-------- RECORDS FOR THIS TASK --------
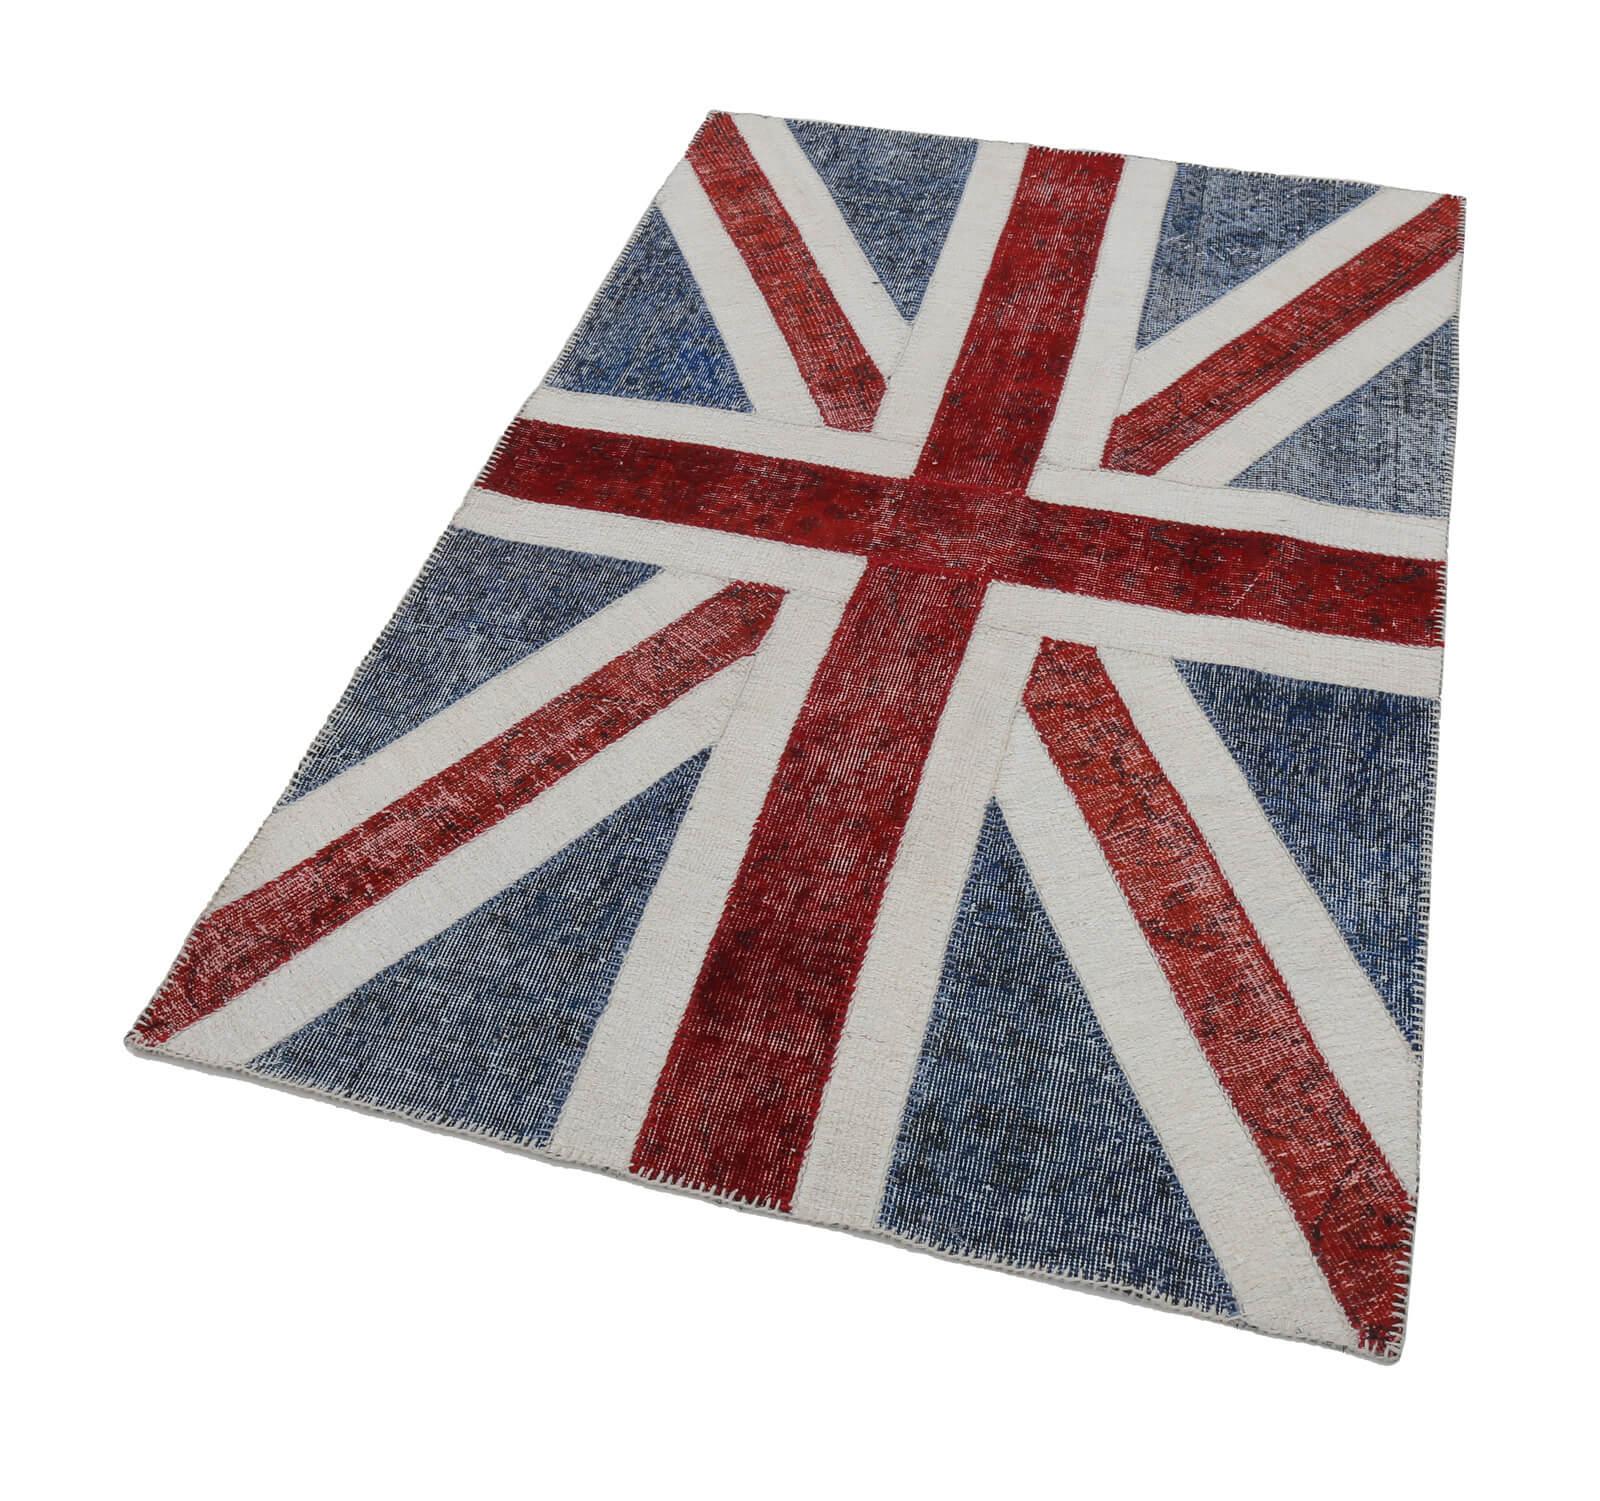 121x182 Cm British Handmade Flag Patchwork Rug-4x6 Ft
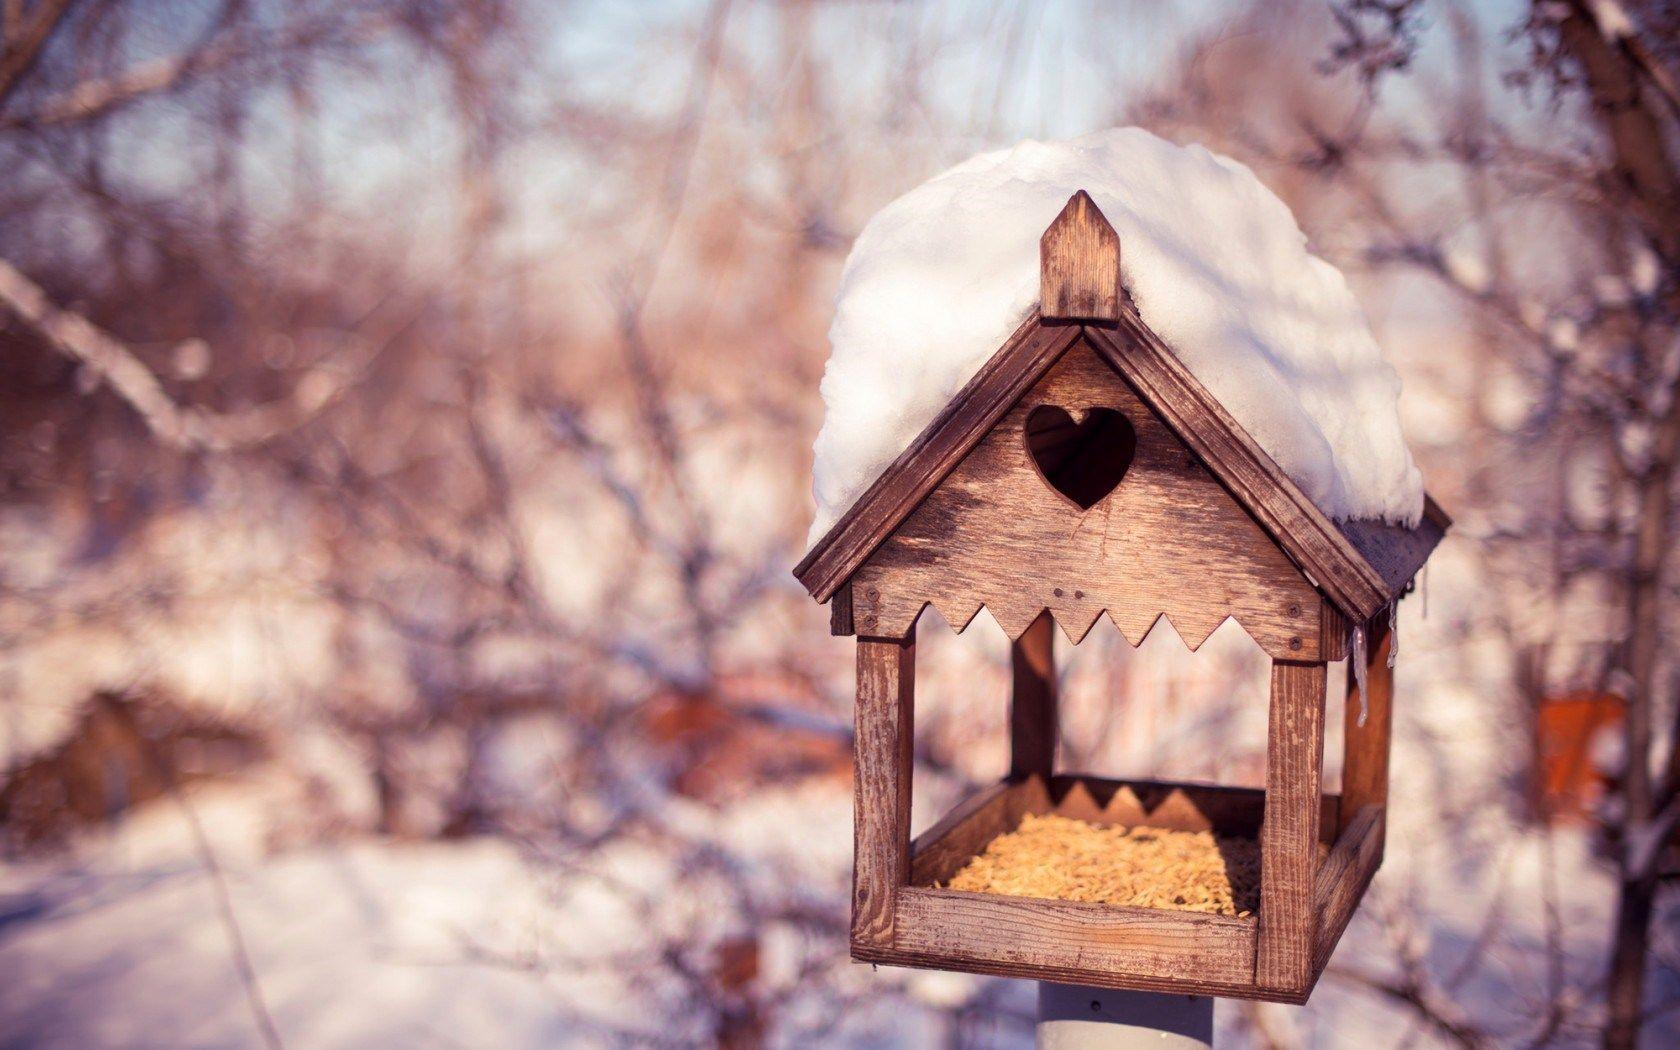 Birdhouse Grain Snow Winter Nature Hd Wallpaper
--------
-------- RECORDS FOR THIS TASK --------
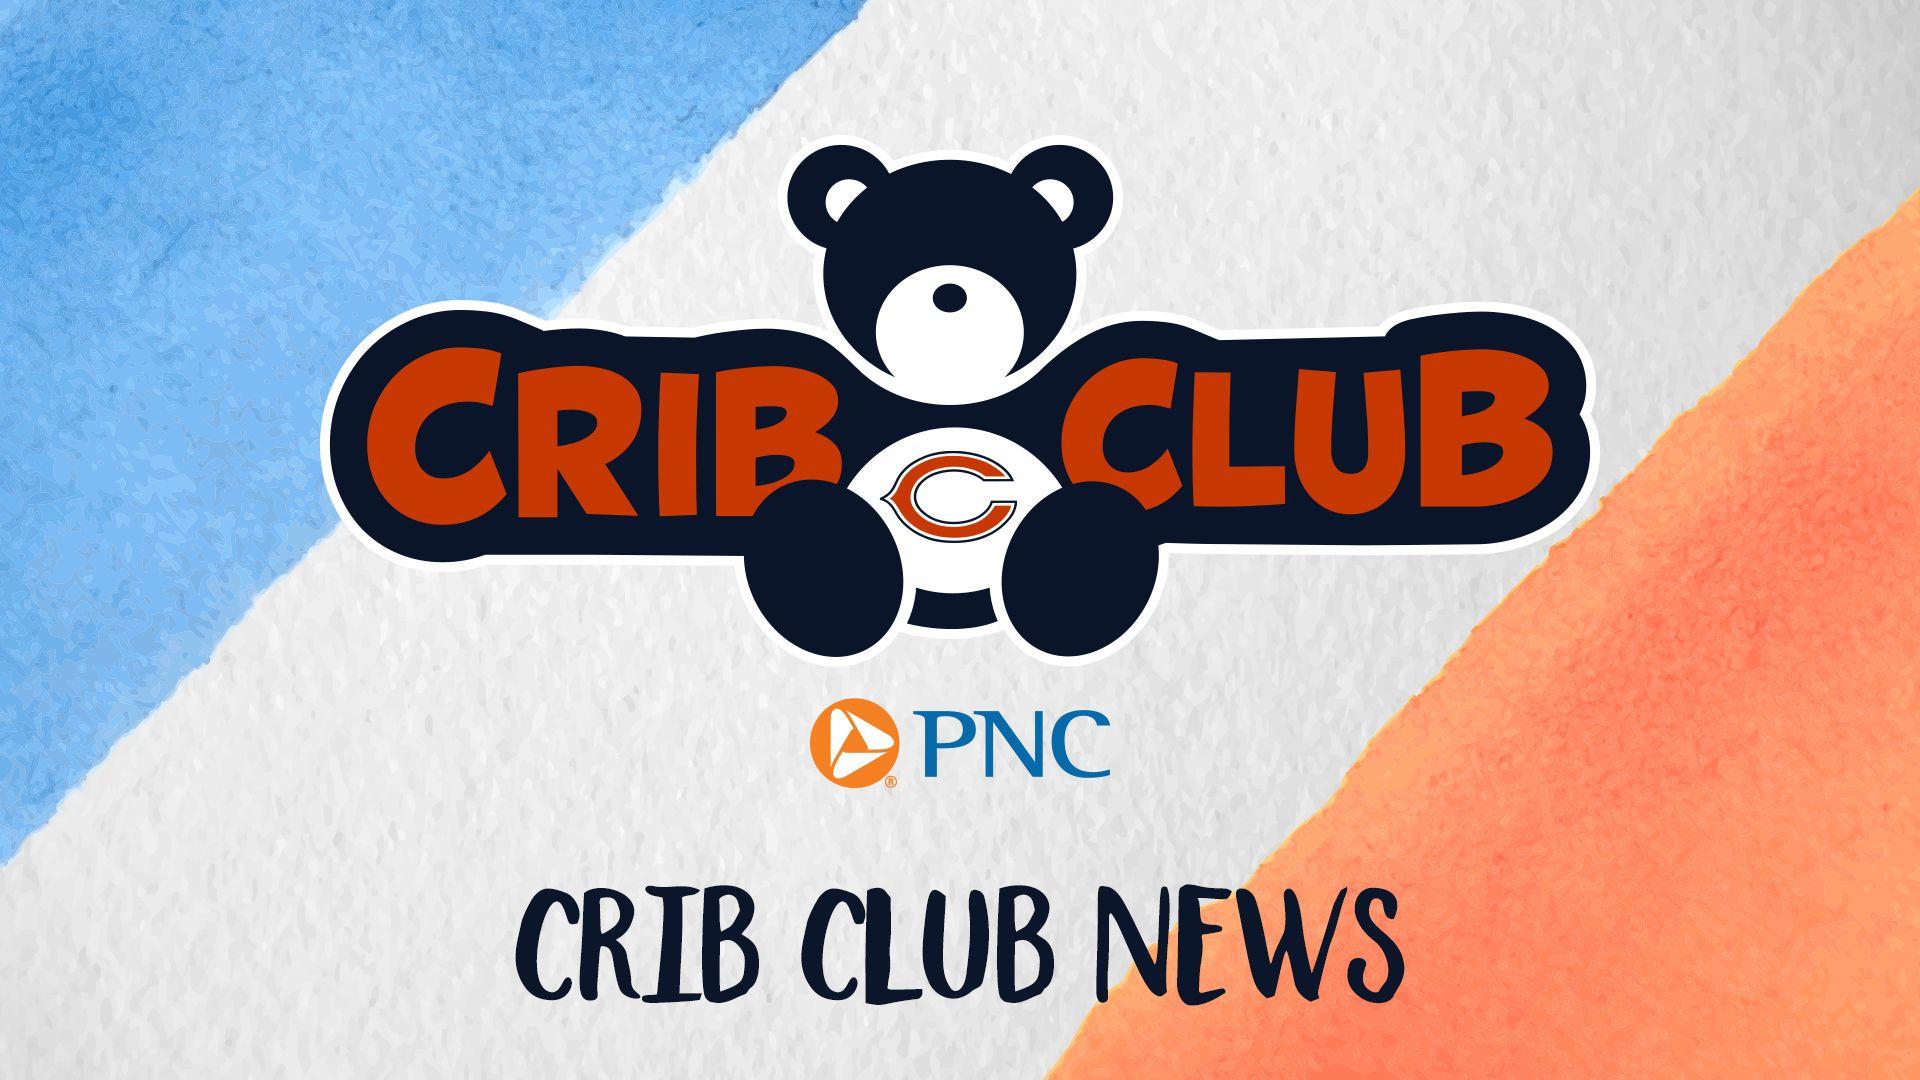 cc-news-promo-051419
--------
*WHAT THE EXERCISE ASKS*
I'd like the lines above repeated exactly, from the one that contains "121x182 Cm British" through the one that contains "Birdhouse Grain Snow", with no pictures.

*EXPECTED ANSWER*
 121x182 Cm British Handmade Flag Patchwork Rug-4x6 Ft
 Birdhouse Grain Snow Winter Nature Hd Wallpaper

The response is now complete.